The following is adapted from a speech delivered on January 15,2019,at Hillsdale College's Allan P.Kirby,Jr.
Center for Constitutional Studies and Citizenship in Washington,D.C.
Seventy miles northwest of New York City is a hospital that looks like a prison, its drab brick buildings wrapped in layers of
fencing and barbed wire. This grim facility is called the Mid-Hudson Forensic Psychiatric Institute. It's one of three places
the state of New York sends the criminally mentally ill—defendants judged not guilty by reason of insanity.
Until recently, my wife Jackie—Dr. Jacqueline Berenson—was a senior psychiatrist there. Many of Mid-Hudson's 300
patients are killers and arsonists. At least one is a cannibal. Most have been diagnosed with psychotic disorders like
schizophrenia that provoked them to violence against family members or strangers.
A couple of years ago,Jackie was telling me about a patient. In passing,she said something like, Of course he'd been
smoking pot his whole life.
Of course?I said.
Yes, they all smoke.
So marijuana causes schizophrenia?
I was surprised,to say the least. I tended to be a libertarian on drugs.Years before,I'd covered the pharmaceutical
industry for The New York Times.I was aware of the claims about marijuana as medicine,and I'd watched the slow
spread of legalized cannabis without much interest.
Jackie would have been within her rights to say, I know what I'm talking about, unlike you. Instead she offered something
neutral like,I think that's what the big studies say. You should read them.
So I did. The big studies, the little ones, and all the rest. I read everything I could find. I talked to every psychiatrist and
brain scientist who would talk to me. And I soon realized that in all my years as a journalist I had never seen a story where
the gap between insider and outsider knowledge was so great,or the stakes so high.

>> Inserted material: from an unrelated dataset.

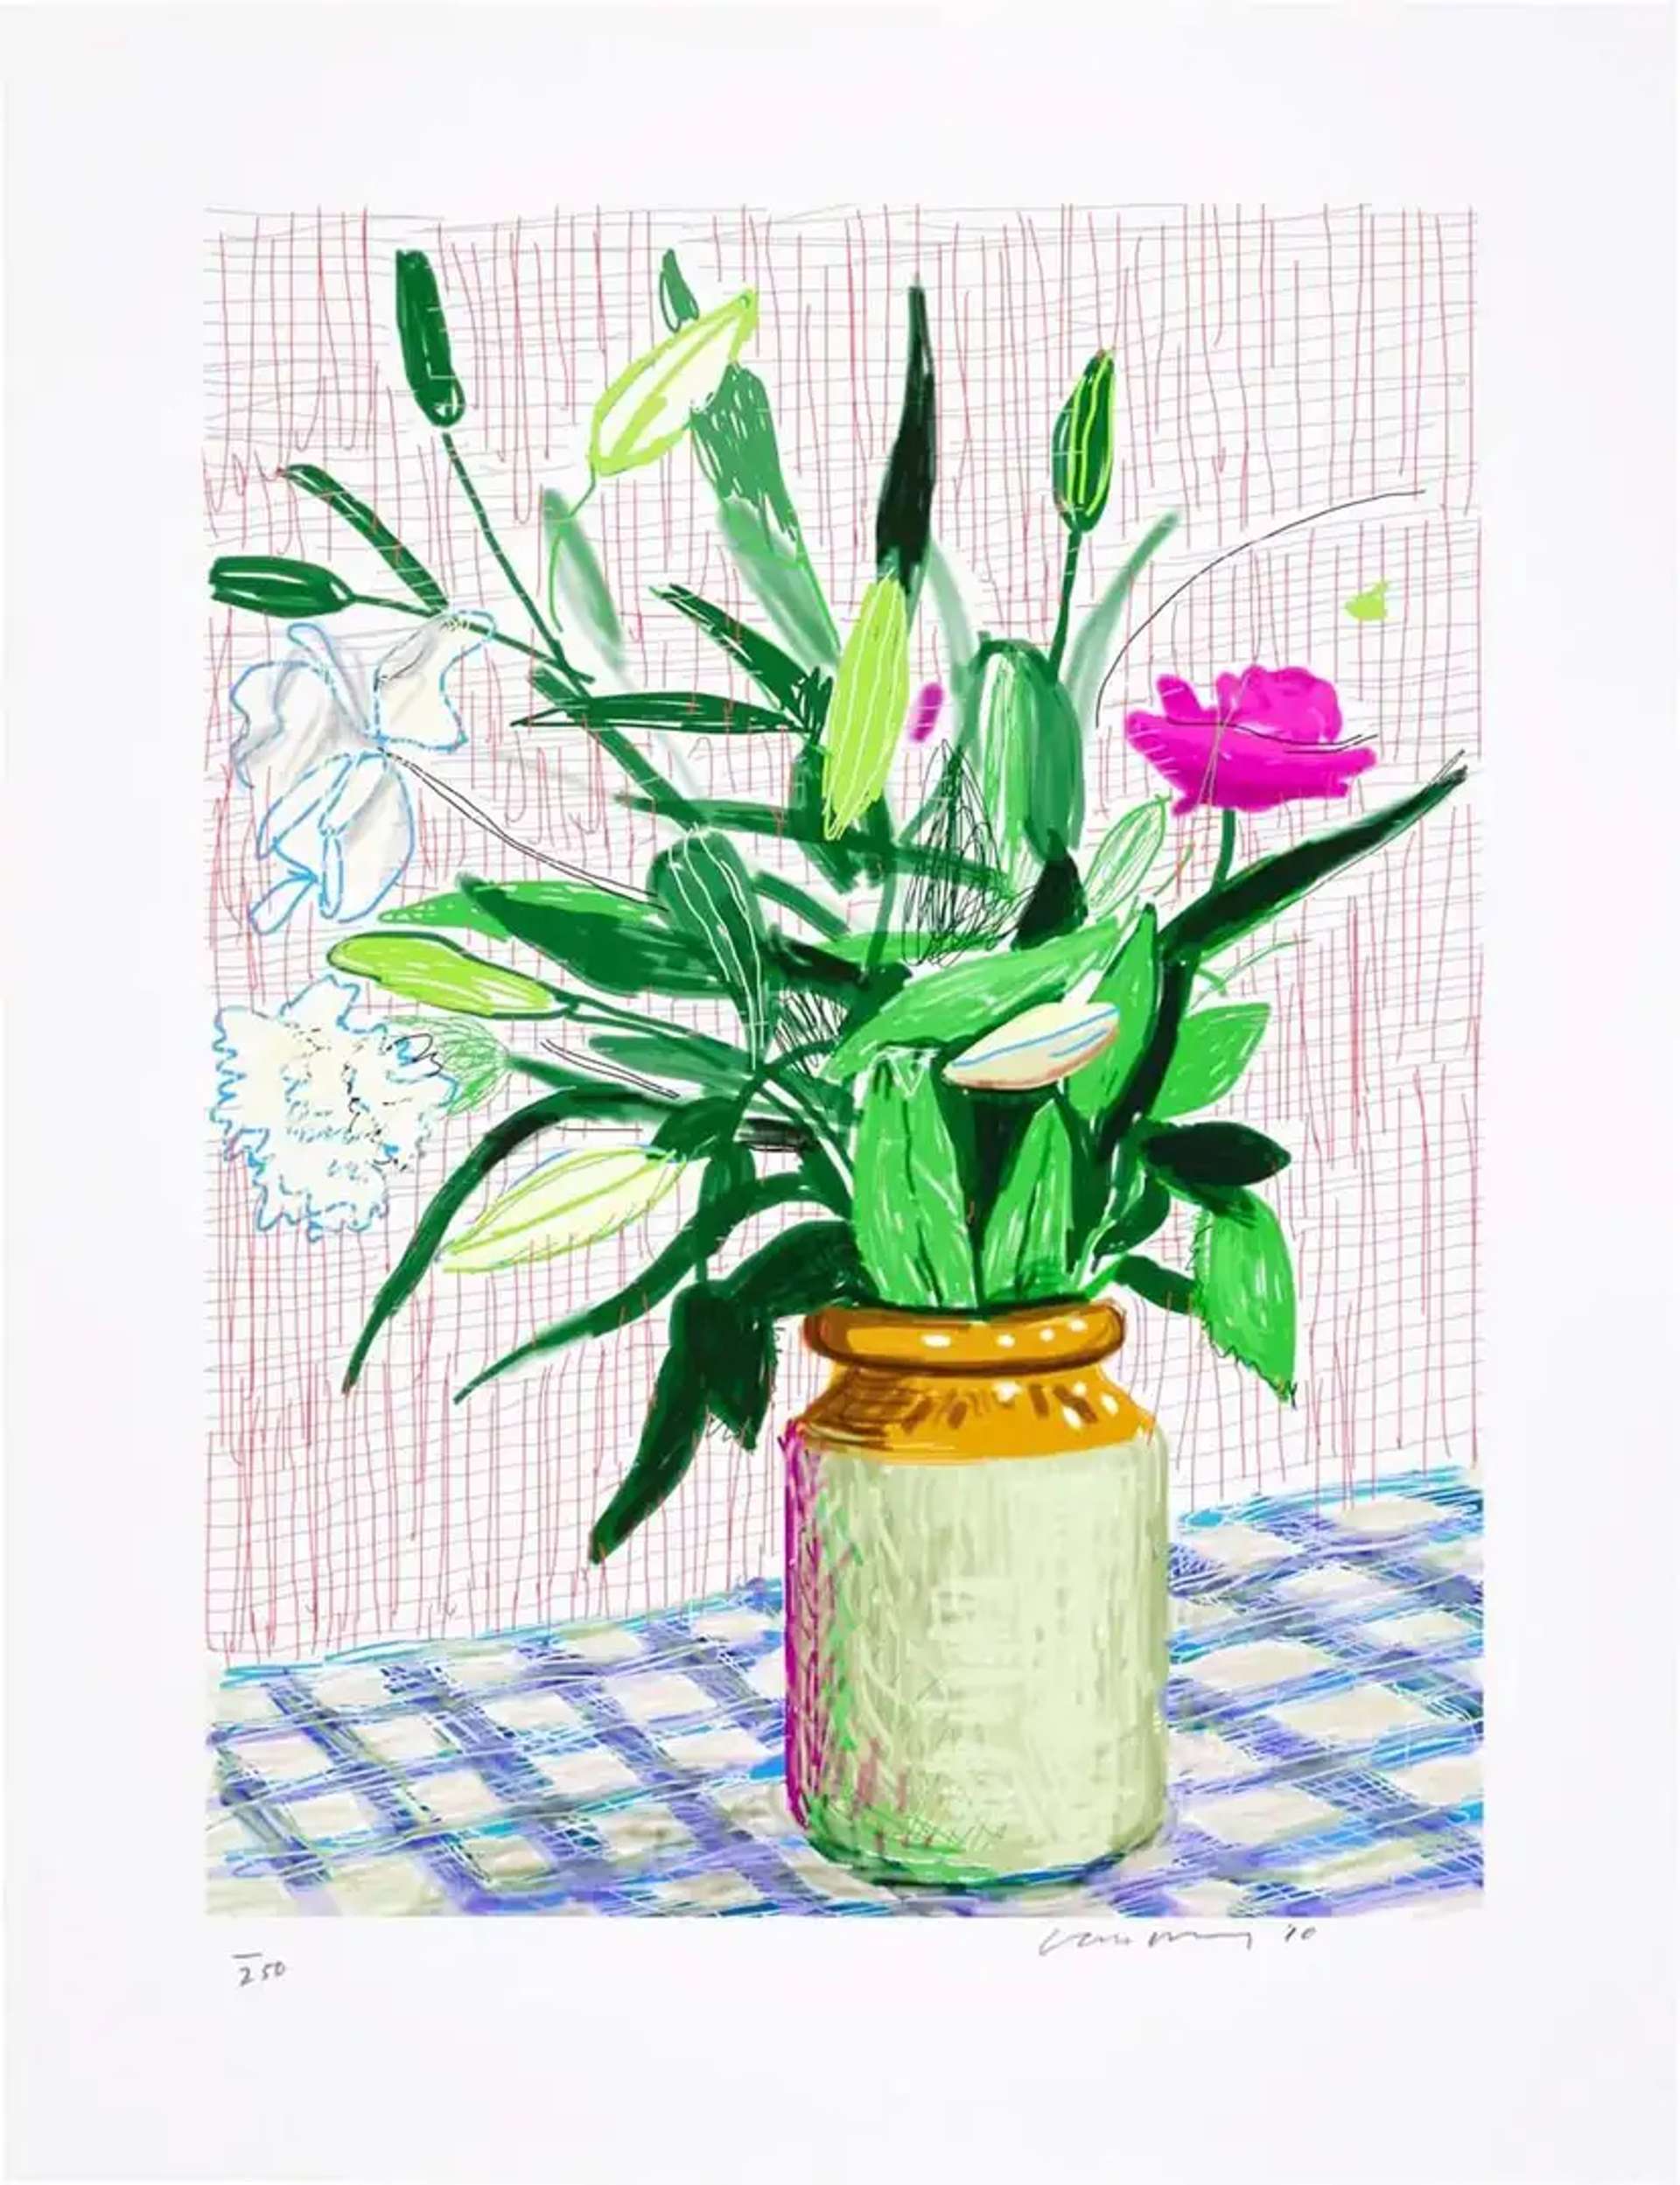 An image of one of David Hockney's artworks, showing a colourful flower vase depicted in bright green. The background is etched in fine lines, and the vase sits on a checkered tablecloth.
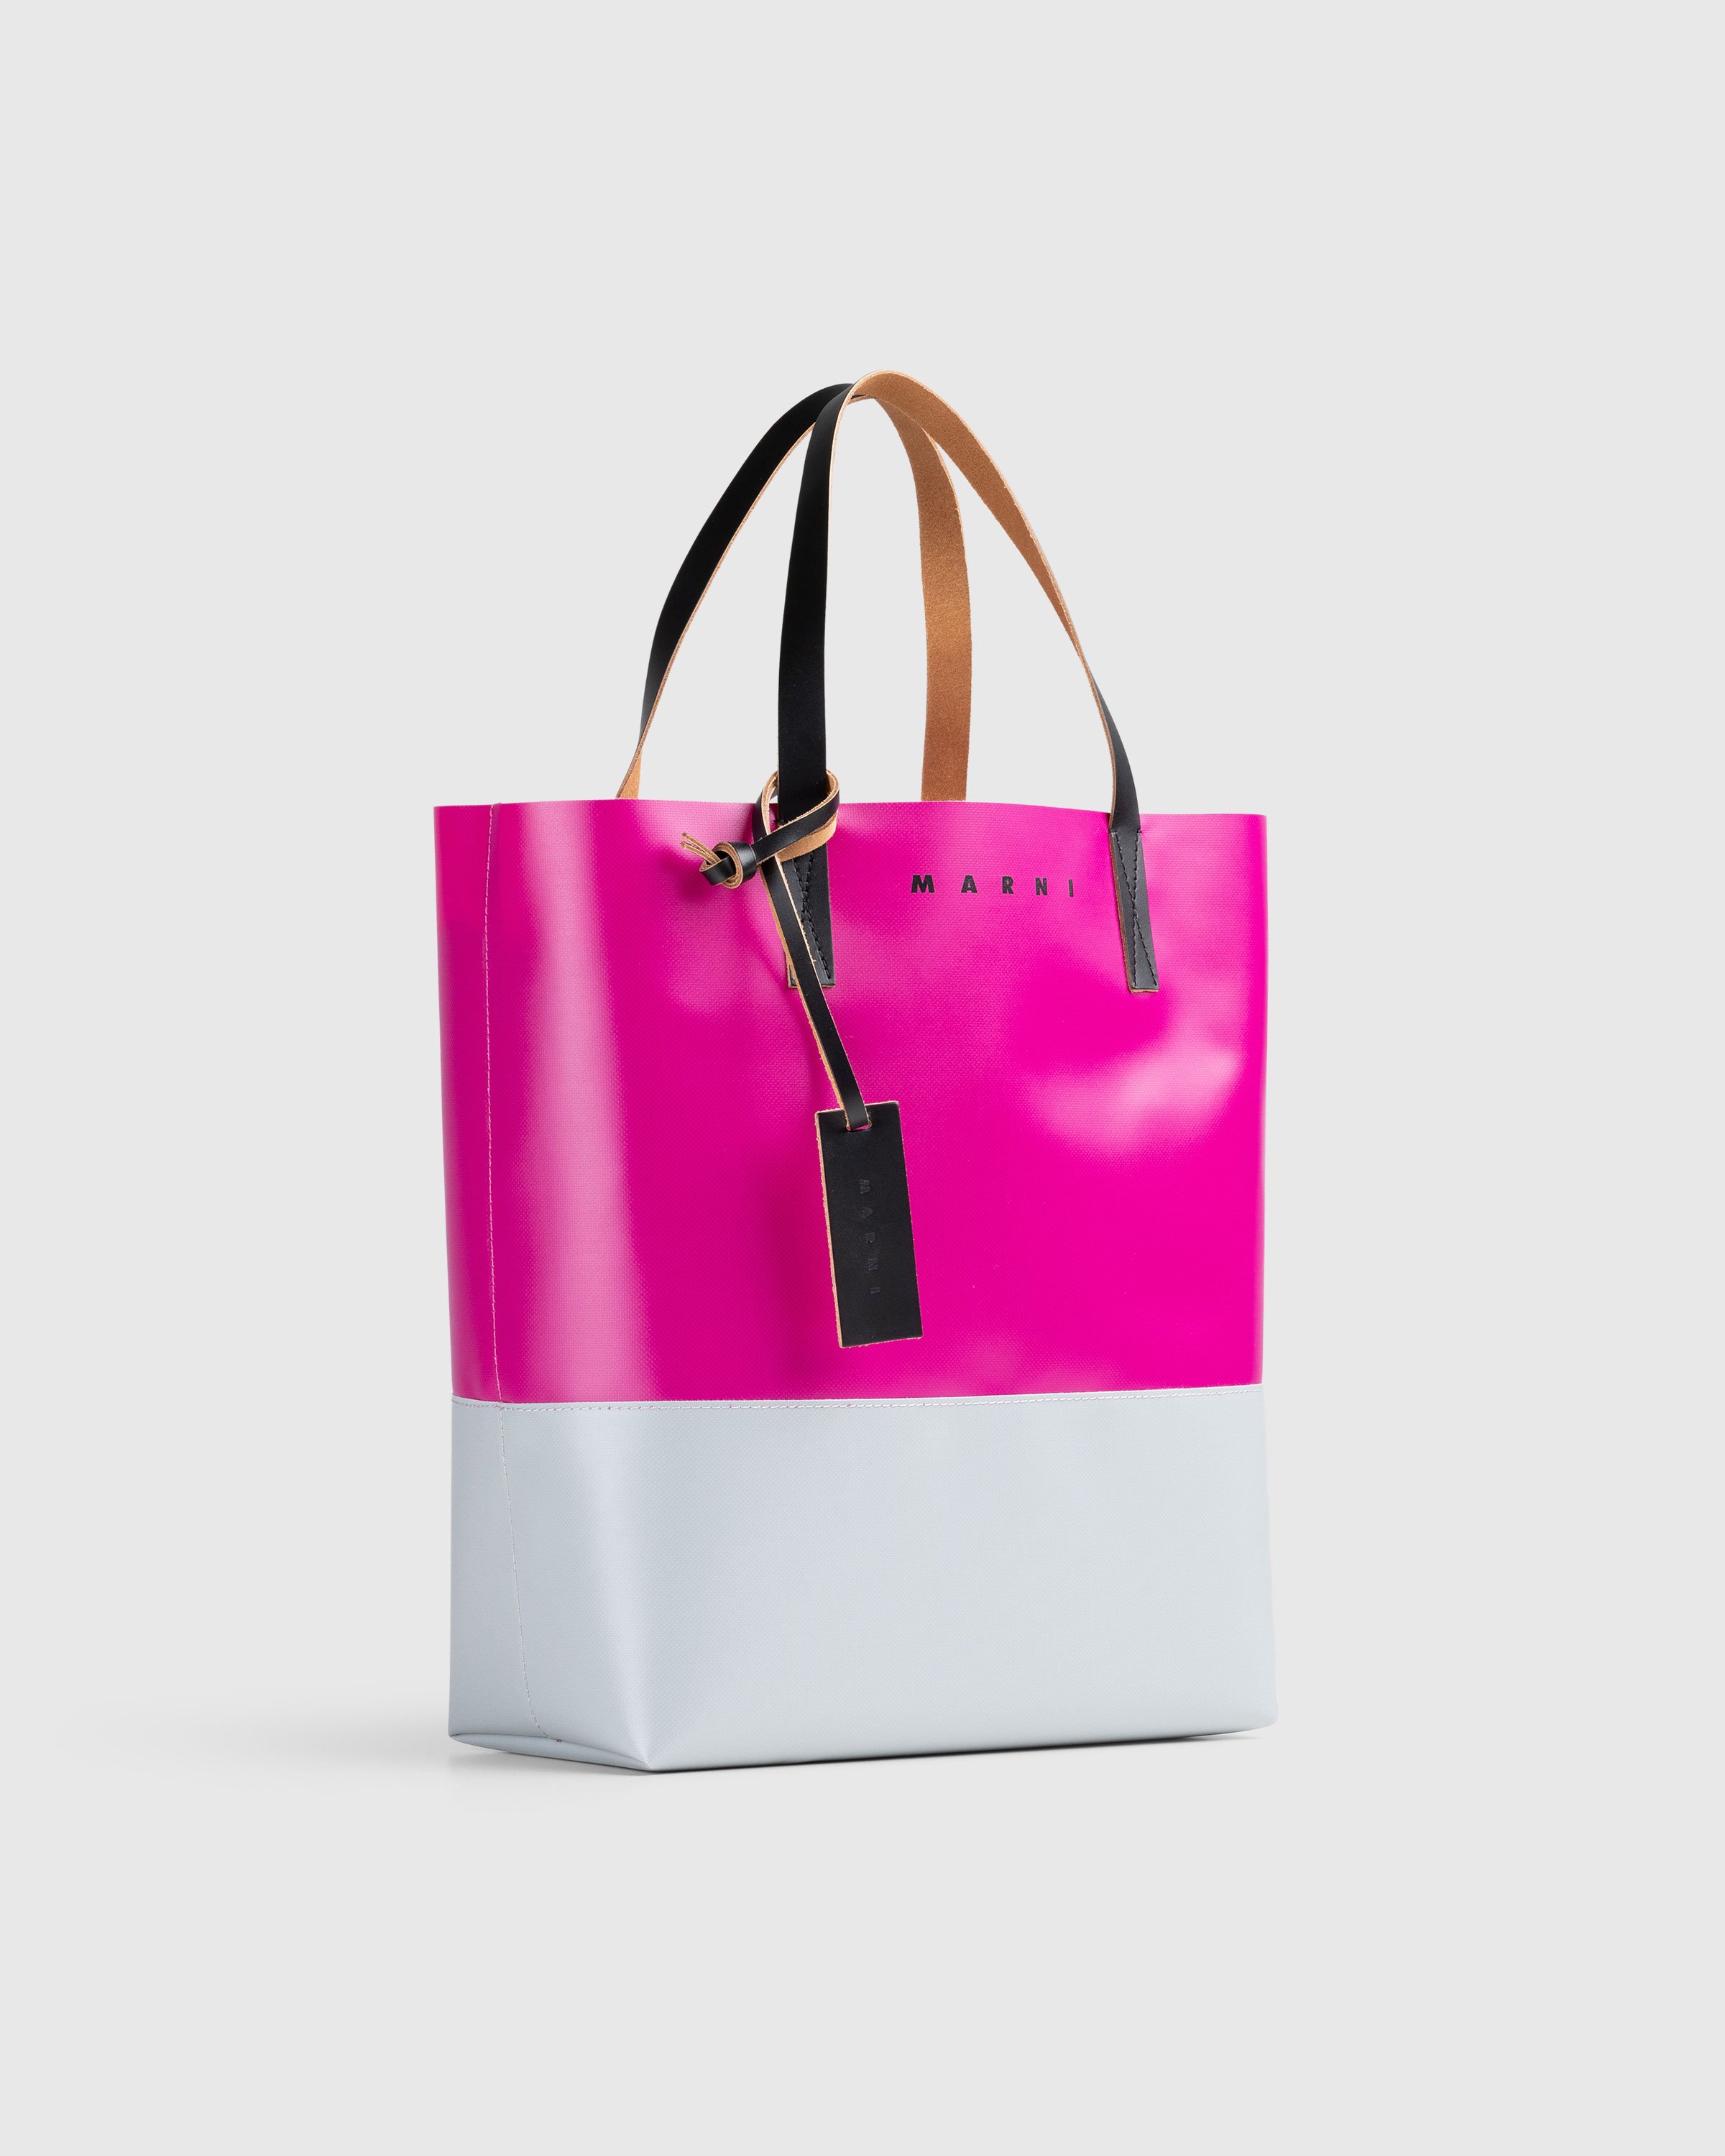 Marni - Tribeca Two-Tone Shopping Bag Pink/Grey - Accessories - Pink - Image 2

I began to wonder why—with the stocks of cannabis companies soaring and politicians promoting legalization as a low-risk
way to raise tax revenue and reduce crime—I had never heard the truth about marijuana, mental illness, and violence.
Over the last 30 years, psychiatrists and epidemiologists have turned speculation about marijuana's dangers into science.
Yet over the same period, a shrewd and expensive lobbying campaign has pushed public attitudes about marijuana the other
way. And the effects are now becoming apparent.
Almost everything you think you know about the health effects of cannabis,almost everything advocates and the
media have told you for a generation, is wrong.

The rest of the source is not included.